Presence of HER4 associates with increased sensitivity to Herceptin™ in patients with metastatic breast cancer

Andrea Sassen¹ , Simone Diermeier-Daucher² , Manuela Sieben¹ , Olaf Ortmann² , Ferdinand Hofstaedter¹ , Stephan Schwarz³ and Gero Brockhoff²

¹Institute of Pathology, University of Regensburg, Franz-Josef-Strauss-Allee 11, 93053 Regensburg, Germany

²Department of Gynecology and Obstetrics, University of Regensburg, Franz-Josef-Strauß-Allee 11, D-93053 Regensburg, Germany

³Institute of Pathology, University of Erlangen, Krankenhausstr. 12, 91054 Erlangen, Germany

author email corresponding author email

Breast Cancer Research 2009, 11:R50doi:10.1186/bcr2339


Published:	22 July 2009

Abstract

Introduction

HER2 overexpression, or rather HER2 gene amplification, is indicative for Herceptin therapy in both metastatic and pre-metastatic breast cancer patients. Patient's individual sensitivity to Herceptin treatment, however, varies enormously and spans from effectual responsiveness over acquired insensitivity to complete resistance from the outset. Thus no predictive information can be deduced from HER2 determination so that molecular biomarkers indicative for Herceptin sensitivity or resistance need to be identified. Both ErbB receptor-dependent signalling molecules as well as HER2-related ErbB receptor tyrosine kinases, known to mutually interact and to cross-regulate each other are prime candidates to be involved in cellular susceptibility to Herceptin.

Methods

Using immunohistochemistry and fluorescence in situ hybridisation, we retrospectively investigated primary breast cancer tissues from 48 patients who were under Herceptin treatment. We quantified the gene copy numbers of all HER receptors and evaluated their coexpression profile. Moreover the HER2 phosphorylation state, the ratio of native to truncated HER2, p27(kip1) and PTEN expression were objects of this study.

Results

Above all markers investigated in this study Kaplan-Meier and Cox regression analysis revealed a significant positive impact of HER4 (co-)expression on overall survival from beginning of antibody therapy.
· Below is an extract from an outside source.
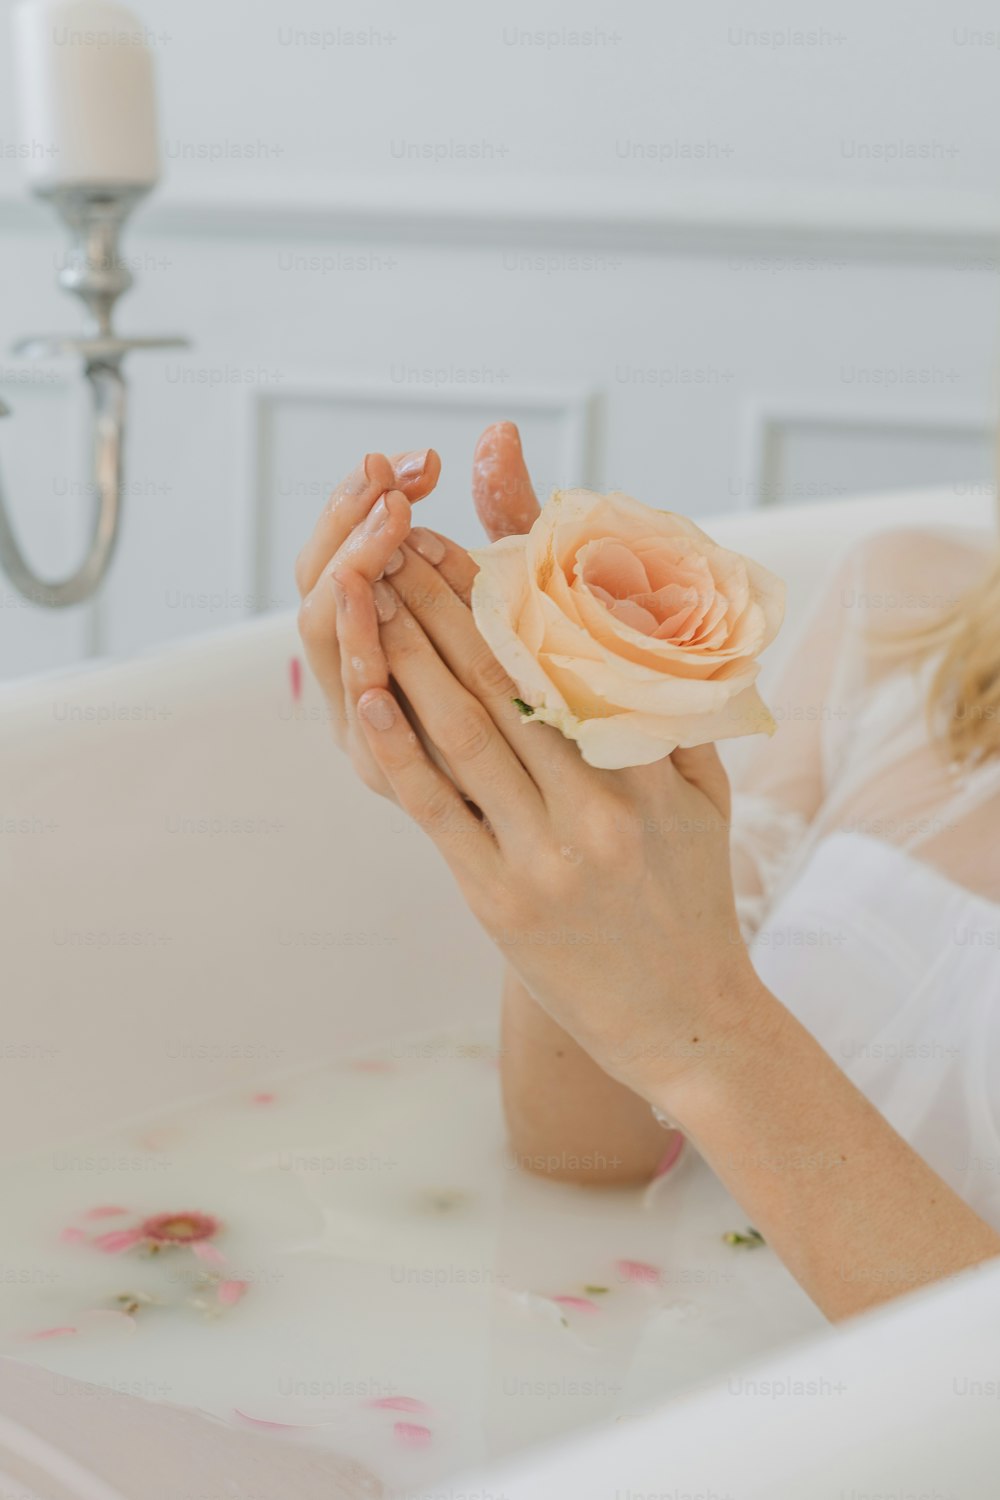 a woman sitting in a bathtub holding a flower

Both HER4 expression and HER4 gene amplification emerged as independent prognostic markers in Herceptin-treated breast cancer patients and responsiveness to Herceptin turned out to be more efficient if tumour cells show HER4 expression.

Conclusions

Although HER4 is known to potentially exert a tumour cell killing activity and in turn to have a favourable impact in breast cancer patients we demonstrate here the first time that HER4 expression prolongs overall survival in Herceptin-treated patients. Elucidating HER4 receptor function in the context of Herceptin treatment will advance the design of highly efficient receptor targeting. By then we need to extend the analysis of breast cancer by allowing for HER2/HER4 coexpression by which valuable additional prognostic and predictive information might possibly be revealed.